1. A method of making a planar optical waveguide device comprising the steps of:

providing a polymer optical waveguide workpiece comprising a substrate having a major surface supporting an optical waveguiding structure comprising a patterned polymer core layer laterally surrounded by cladding material, the optical waveguiding structure composed of polymer softer than the substrate;

adhering overlying the waveguiding structure, a cover layer having a hardness greater than the waveguiding structure; and

polishing an end facet in the waveguiding structure using edges of the substrate and cover to guide the polishing.

2. The method of claim 1 wherein the cladding material comprises polymer material having a lower refractive index than the core polymer.

3. The method of claim 1 wherein the polishing is substantially transverse to the major surface.

4. The method of claim 1 wherein the cover has a hardness equal to or greater than the substrate.

5. The method of claim 1 wherein the substrate comprises silicon or glass.

6. The method of claim 2 wherein the cladding material comprises an underlying polymer cladding layer and an overlying polymer cladding layer.

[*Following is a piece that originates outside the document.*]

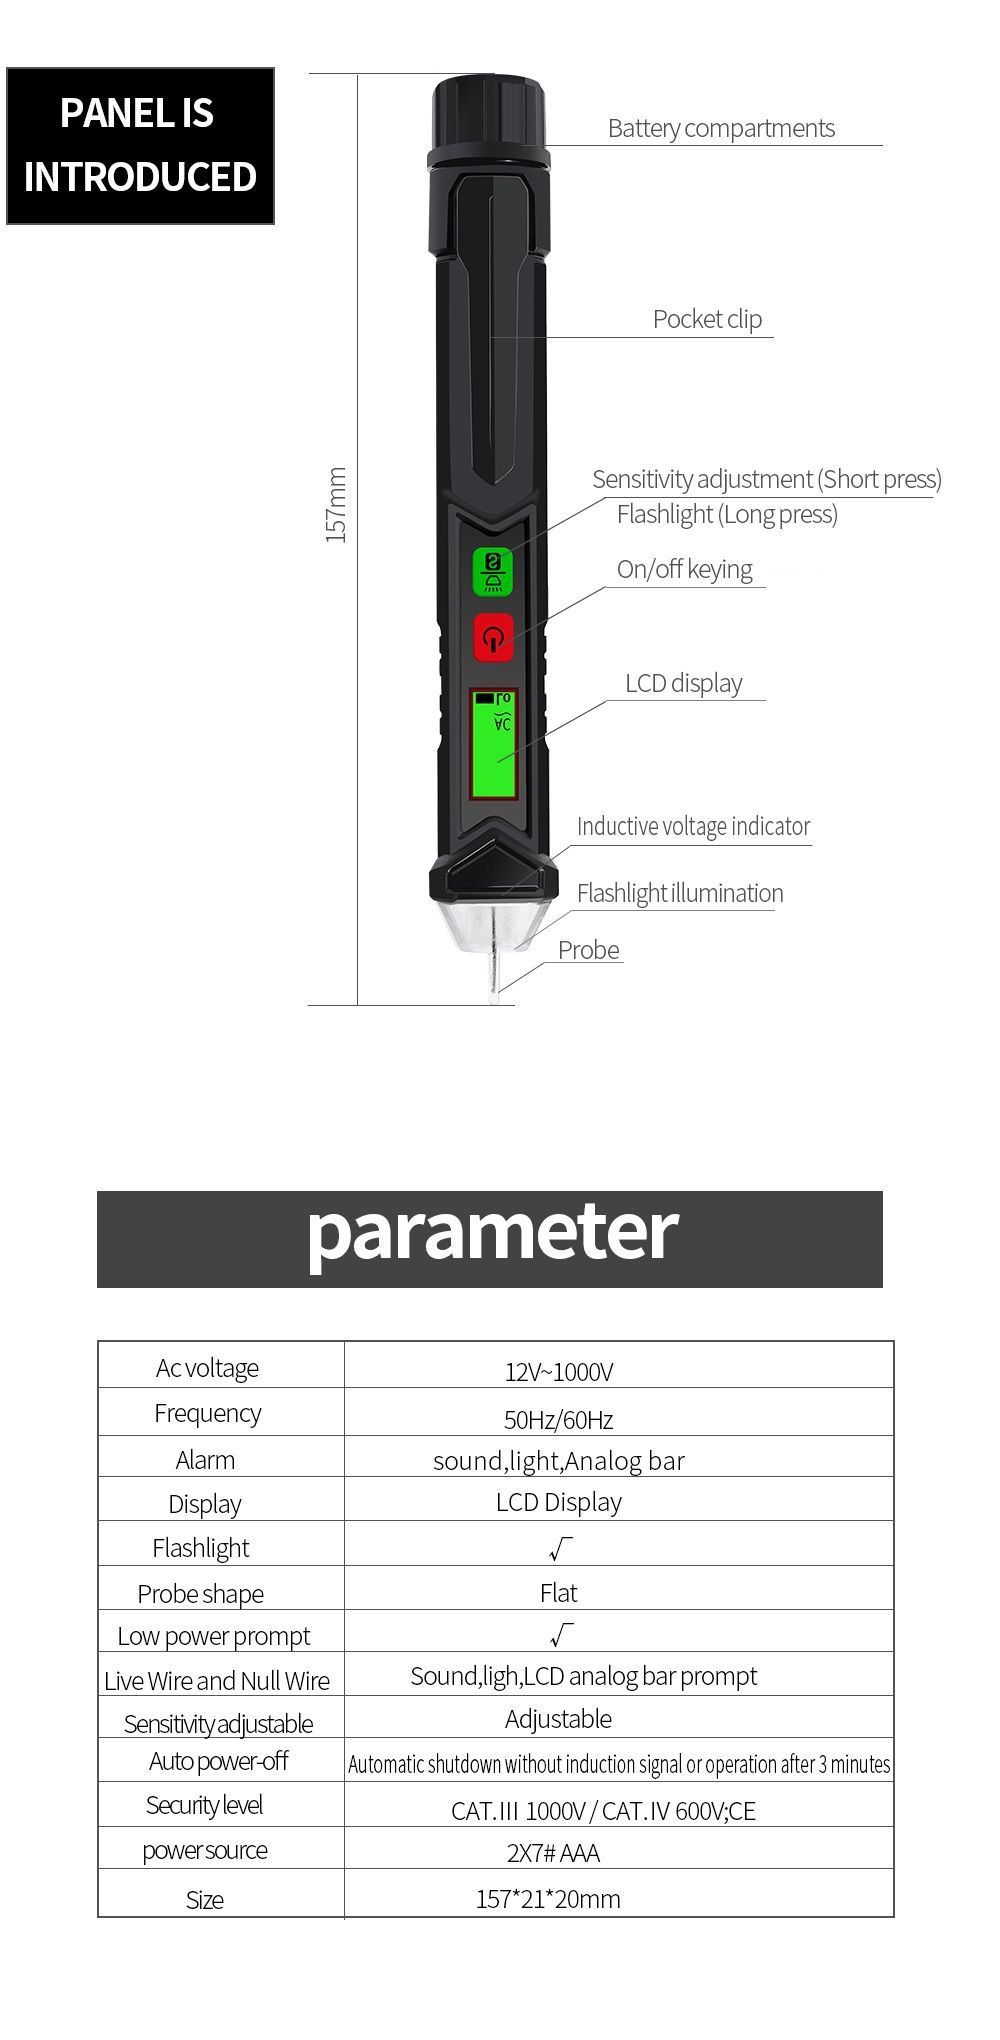 HT106B-US-Plug-Socket-Outlet-Tester-Circuit-Polarity-Voltage-Detector-Wall-Plug-Breaker-Finder-RCD-T-1389531

7. The method of claim 1 wherein the waveguiding structure comprises a polymer selected from the group consisting of acrylates, epoxies, polyimides, silsesquioxanes, polyethers and cyclic olefins.

8. The method of claim 1 wherein the cover layer comprises a glass layer.

9. The method of claim 1 wherein the cover layer is adhesively bonded to the waveguiding structure.

10. A planar optical waveguide device comprising:

a substrate;

an optical waveguide having first and second surfaces, the first surface being adjacent to the substrate; and

a cover layer being adjacent to the second surface of the optical waveguide; and

wherein the optical waveguide comprises a polymer material and the substrate and cover layer comprise materials that are substantively unabraded by mechanical action sufficient to polish the polymer.

11. The apparatus of claim 10, wherein the apparatus includes a smooth end face across the substrate, optical waveguide, and rigid cover layer.

12. The apparatus of claim 10, further comprising:

a layer of adhesive bonding the cover layer to the optical waveguide.

13. The apparatus of claim 10, wherein the optical waveguide includes two optical cladding layers and an optical core layer disposed between the two optical cladding layers.